More than 57 million households across the United States have bird feeders in their backyards, and Americans spend more than $4 billion on bird food each year. Researchers at Virginia Tech set out to investigate how the act of feeding birds may influence people, and found that these individuals have a significant impact on conservation.
Study co-author Ashley Dayer is an assistant professor in the Department of Fish and Wildlife Conservation in the College of Natural Resources and Environment at Virginia Tech.
“Given that so many people are so invested in attracting birds to their backyard, we were interested in what natural changes they observe at their feeders beyond simply more birds,” said Professor Dayer. “In particular, we wanted to know how they respond to their observations. For example, how do they feel if they see sick birds at their feeders, and what actions do they take to address these observations?”
In collaboration with researchers at the University of Georgia, the team analyzed how people respond to natural events at their feeders. The team used data that was collected in a survey of over 1,000 people participating in Project FeederWatch, a program that involves more than 25,000 individuals who observe and document backyard birds.

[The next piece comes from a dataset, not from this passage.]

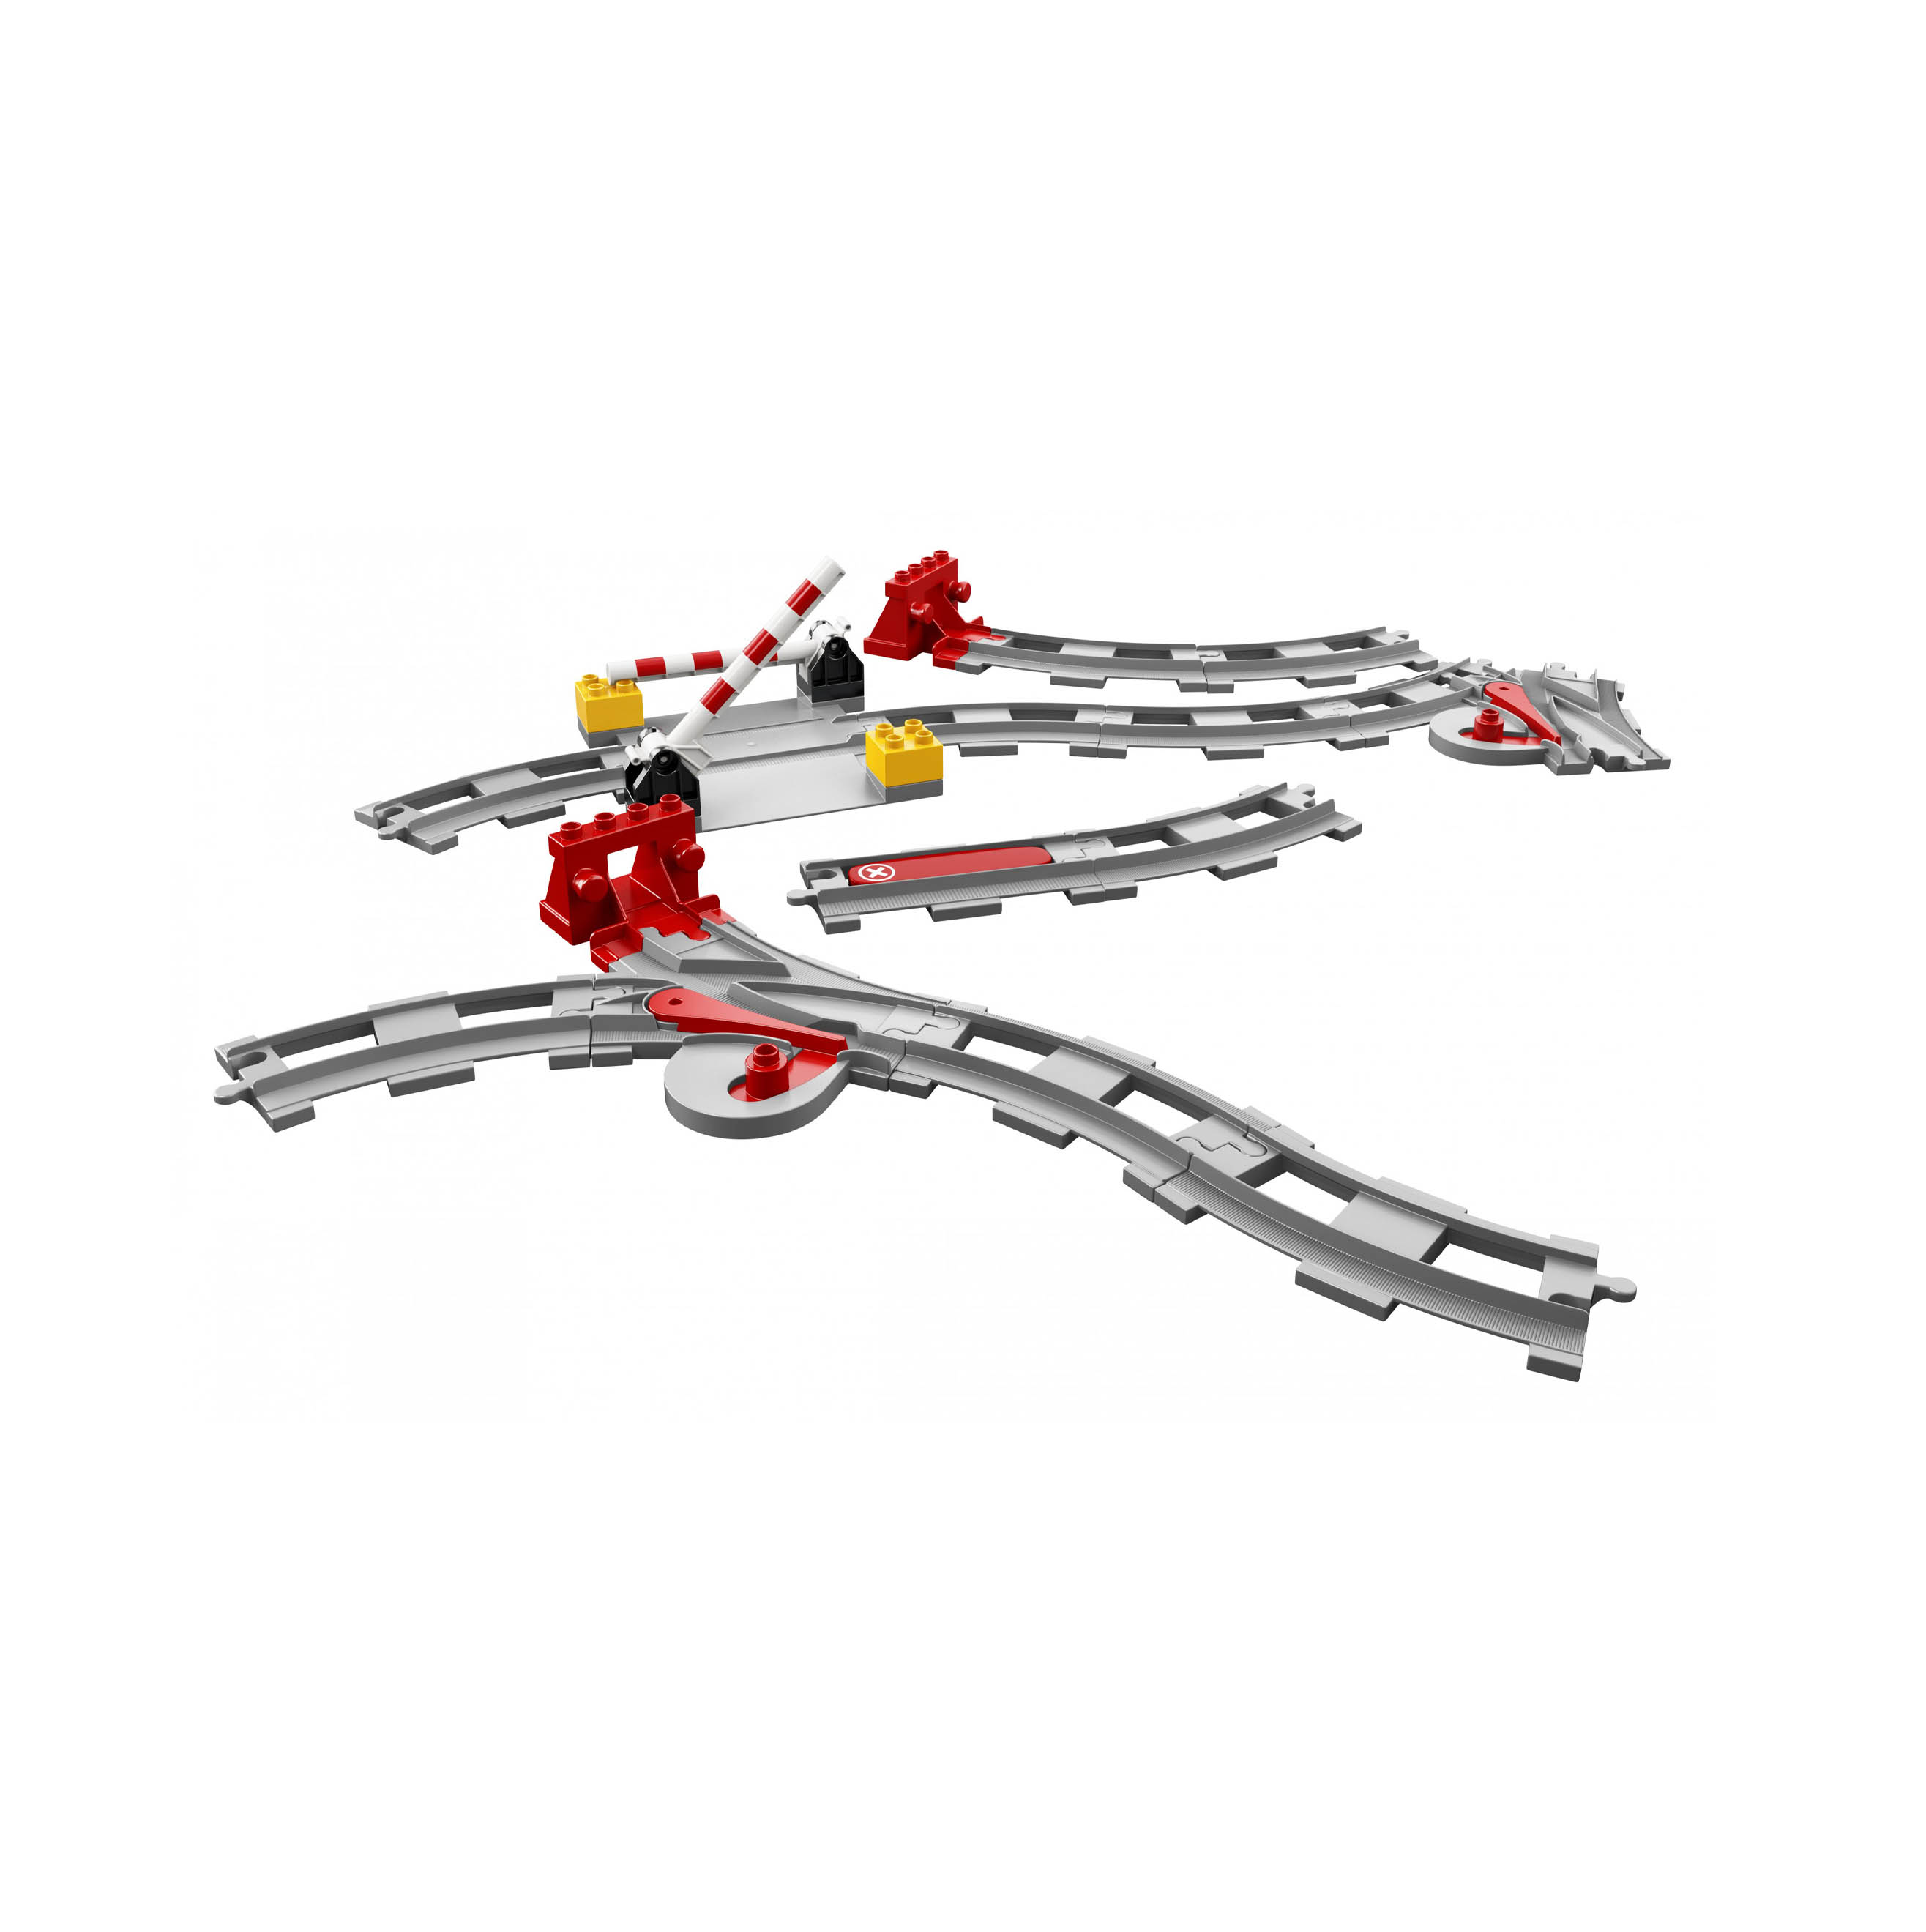 LEGO DUPLO Town Binari Ferroviari, Set di Costruzioni con Mattoncino Rosso d'Az 10882, , large

The analysis revealed that, as a result of feeding, most people noticed natural changes in their backyards such an increase in the number of birds at their feeders. The bird watchers also reported the presence of cats, hawks, or sick birds near the feeders.
“More and more, we see that humans are interacting less with nature and that more of our wildlife are being restricted to areas where there are humans around. Looking at how humans react to and manage wildlife in their own backyards is very important for the future of wildlife conservation and for understanding human well-being as the opportunities for people to interact with wildlife become more restricted to backyard settings,” said Professor Dana Hawley.
Study co-author David Bonter is the director of Citizen Science at the Cornell Lab of Ornithology, which is the lab that manages Project FeederWatch.
“From my 17 years working with people who feed birds as part of citizen science projects, I’ve heard a great deal about their impactful observations at their feeders,” said Bonter. “This study provides important information about the breadth and pattern of these experiences through responses of over 1,000 participants. The findings will help us at Project Feederwatch improve how we work with bird watchers toward our shared goal of bird conservation.”
The researchers were surprised to find that people prioritized natural factors, such as cold weather, more than time and money, when deciding how much to feed birds.
“Feeding wild birds is a deceptively commonplace activity. Yet, it is one of the most intimate, private, and potentially profound forms of human interaction with nature,” said Professor Darryl Jones, who was not involved in the study. “This perceptive study uncovers some of the remarkable depth associated with bird feeding and discerns that people who feed birds are alert to a wide range of additional natural phenomena.”
The research is published in the journal People and Nature.